Reference elements, such as, for example, reflective markers, can be attached to the joint to be implanted. In one embodiment, the reference elements can be attached to the individual components of the joint and/or to the body structures adjacent to the joint. This enables one to ascertain and track the spatial position of the joint or of the individual joint components and/or the corresponding body structures, once the respective elements have been registered. As such, the spatial positions of the individual joint components and/or the spatial positions of the body structure adjacent to the joint are available, for example, for ascertaining a possible range of motion of a joint.
The parameters indicative of the spatial position and the aperture angle of the joint can be visualized, such that it is possible, preferably in real time, to see what angle currently exists.
In accordance with one embodiment, data describing the flexibility of a natural or implanted joint can be measured and stored, such that at least one reference value is available, in order to be able to verify that a newly implanted joint is corrected seated and exhibits the desired flexibility. An implanted joint can, for example, be verified by comparing the measured flexibility of the implanted joint with measurement data from natural, i.e., not implanted, joints or successfully implanted joints.
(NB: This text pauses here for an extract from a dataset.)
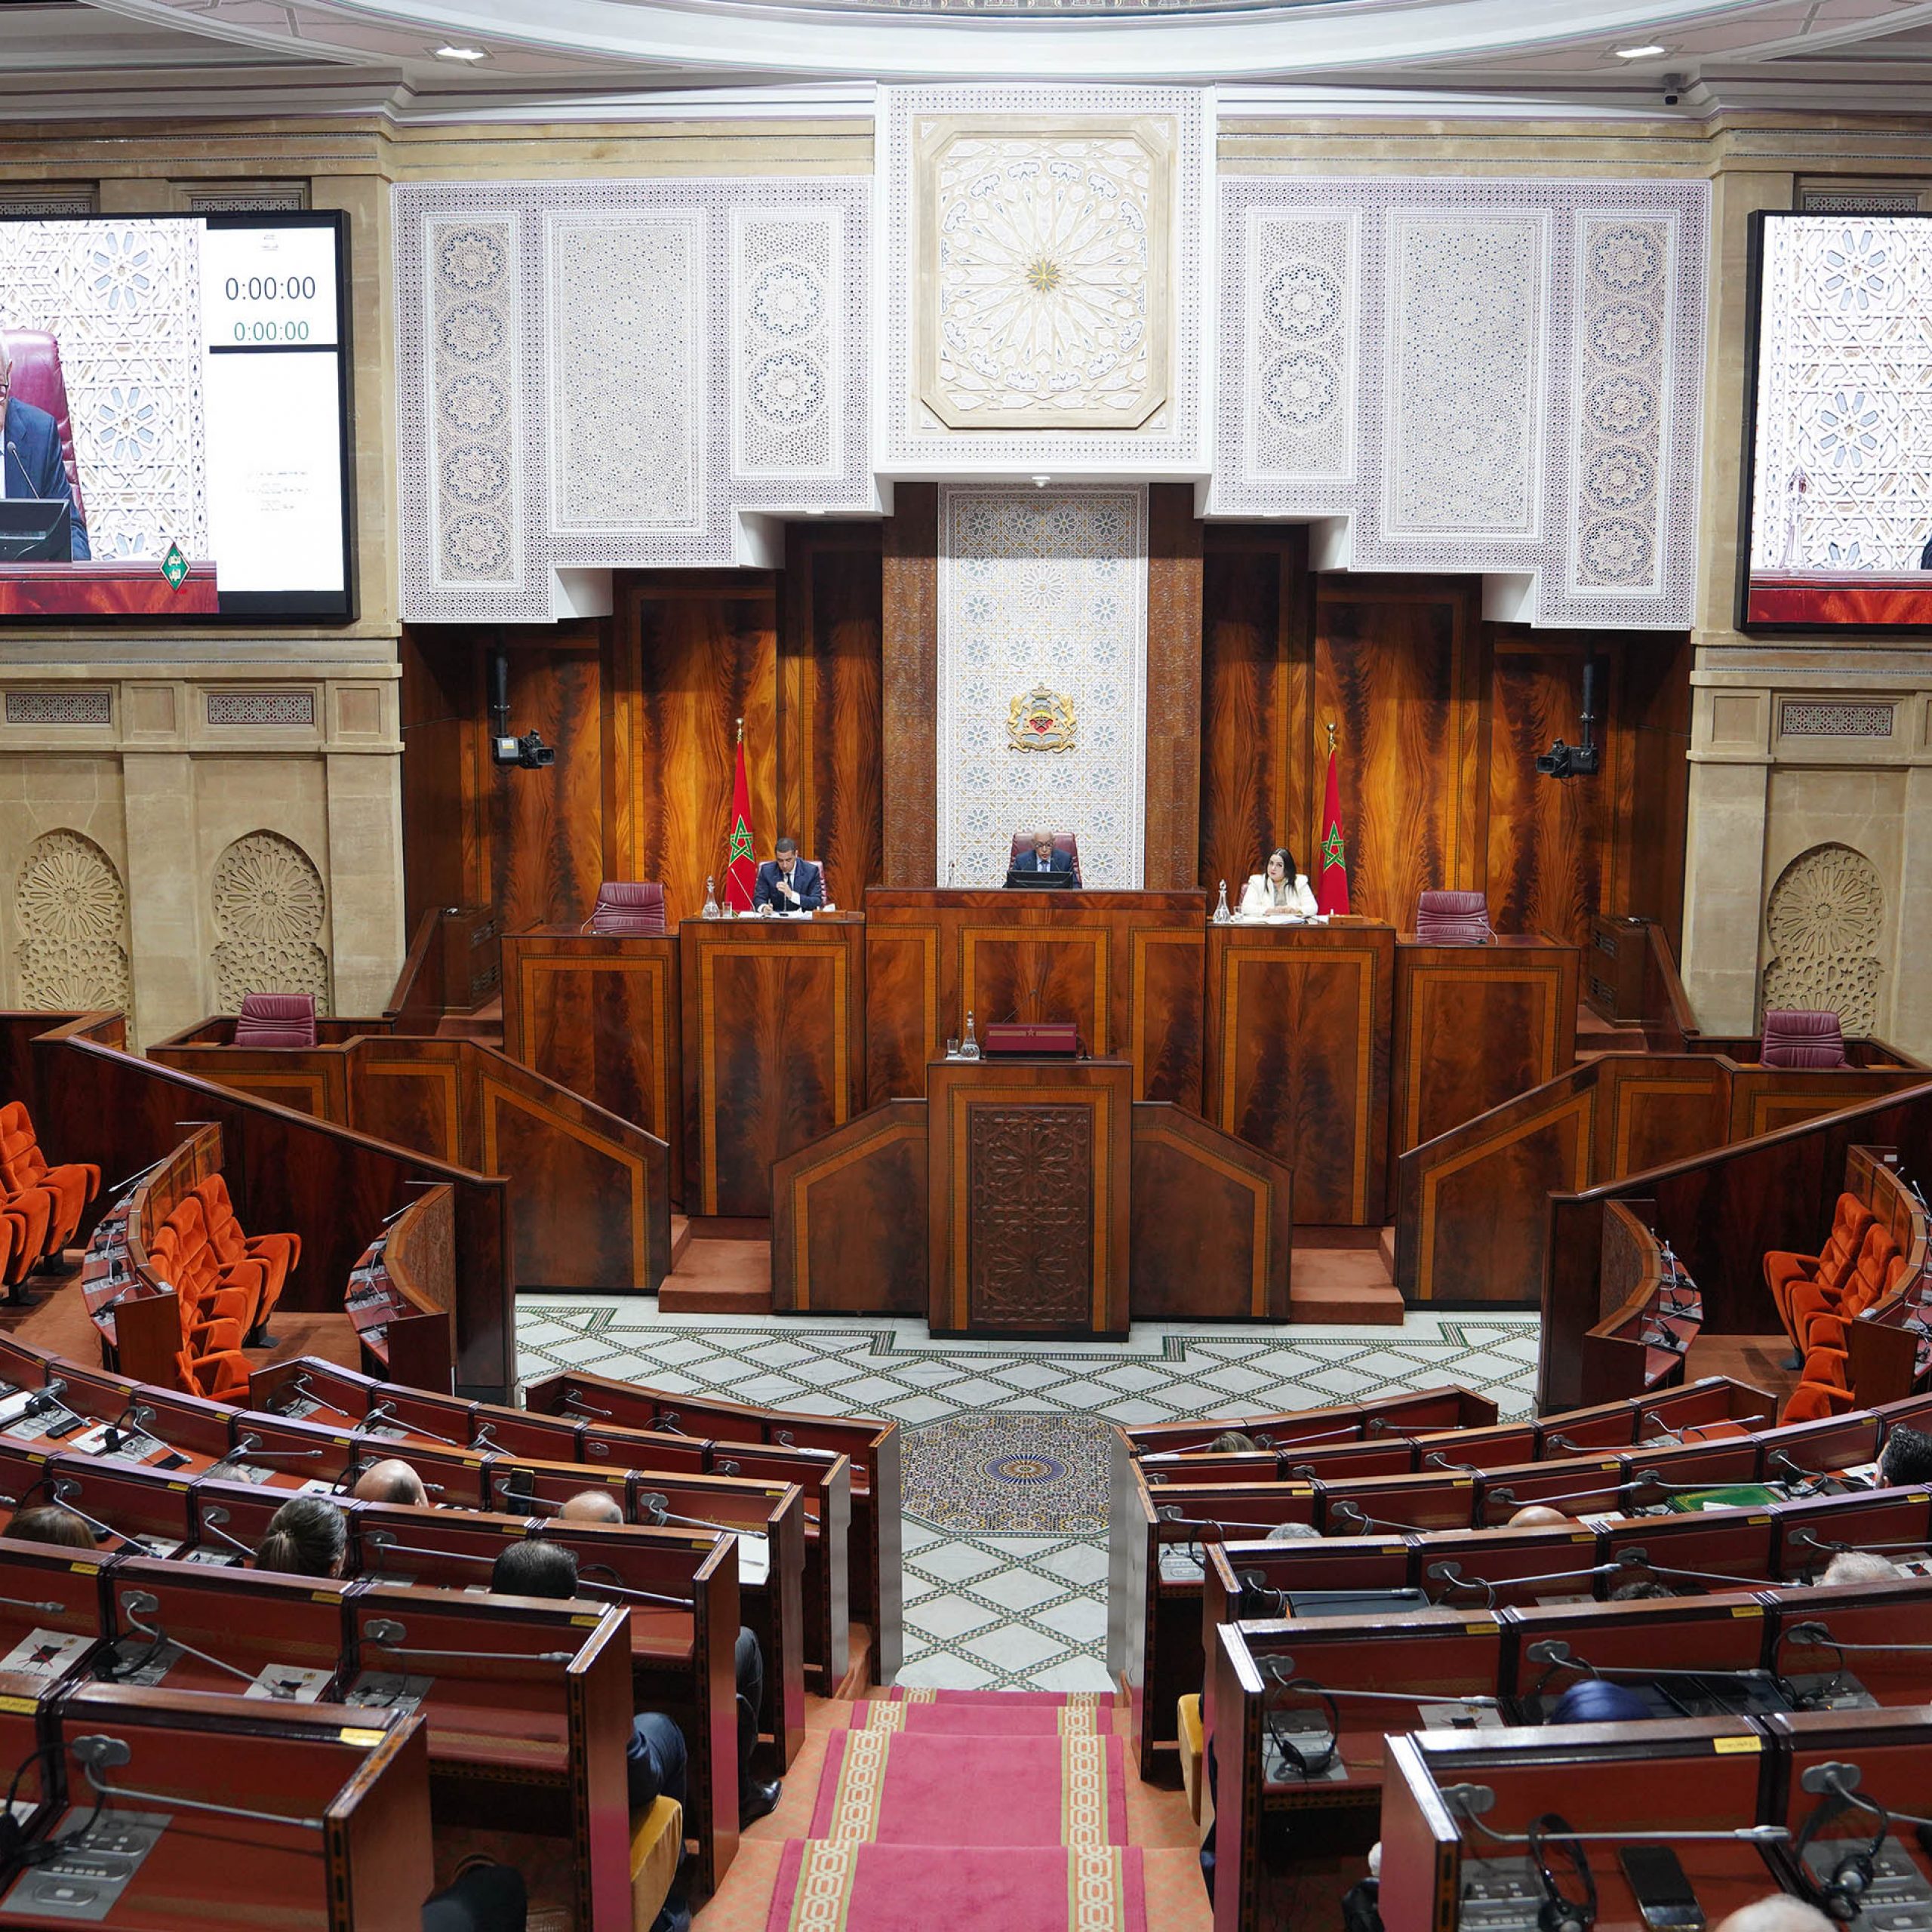 البرلمان المغربي يرد على الهجمة الصارخة و يُحدث لجنة موضوعاتية لإعادة تقييم العلاقات مع البرلمان الأوربي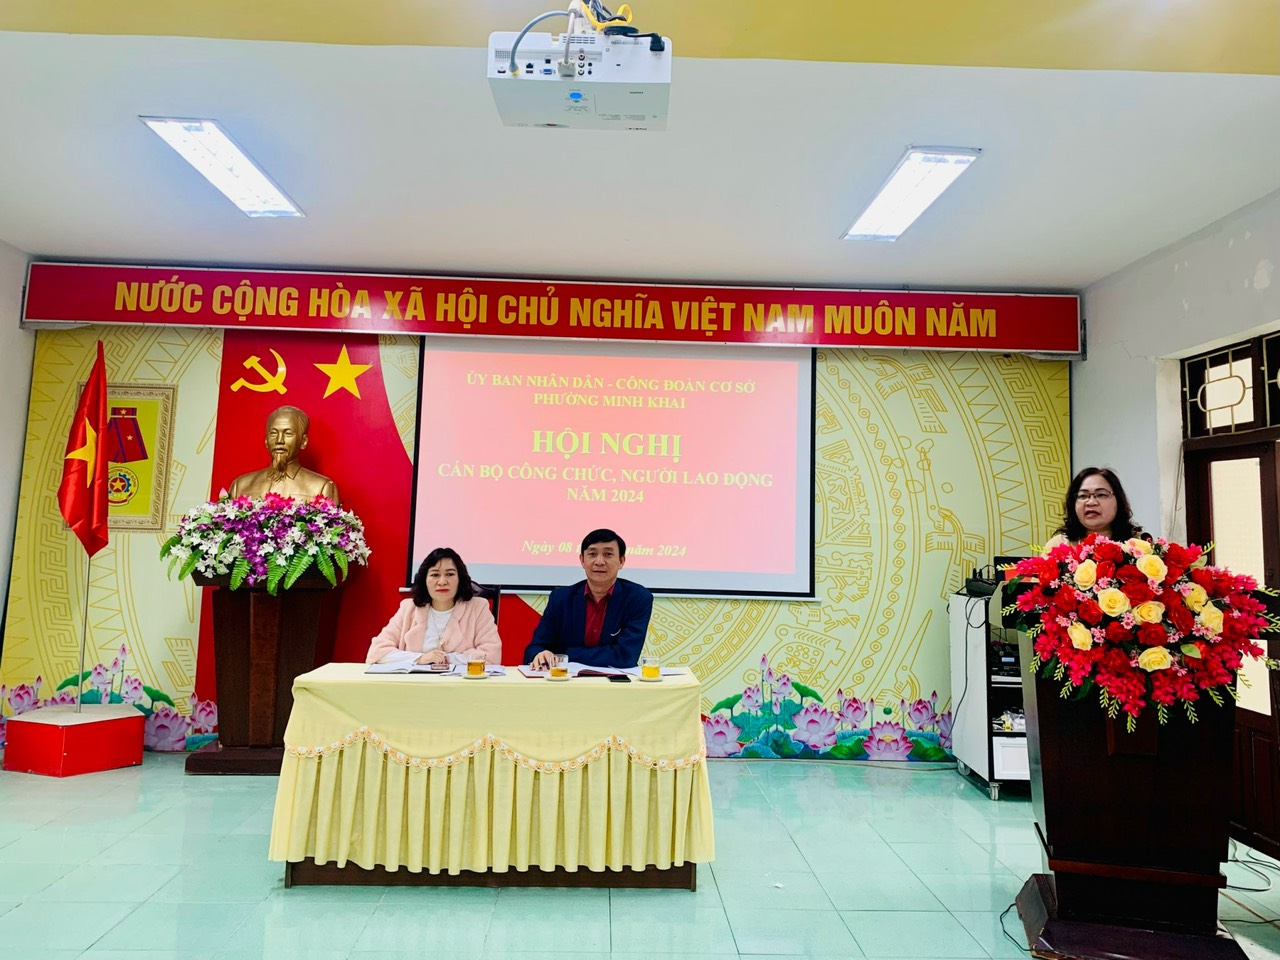 Phường Minh Khai tổ chức Hội nghị cán bộ, công chức, người lao động năm 2024

Due to symmetry, for example, in the case of a hip joint, comparative data of the opposite joint to the joint to be replaced can likewise be used to obtain reference data for positioning a joint to be implanted.
In one embodiment, defined forces can be applied to the joint in defined directions, in order to have comparative values for defined stresses on the joint, enabling an implanted joint to be verified.
In accordance with another aspect, the invention relates to a computer program which, when it is loaded onto a computer or run on a computer, performs at least one of the method steps described above. In accordance with another aspect, the invention relates to a storage medium for a program or a computer program product comprising such a program.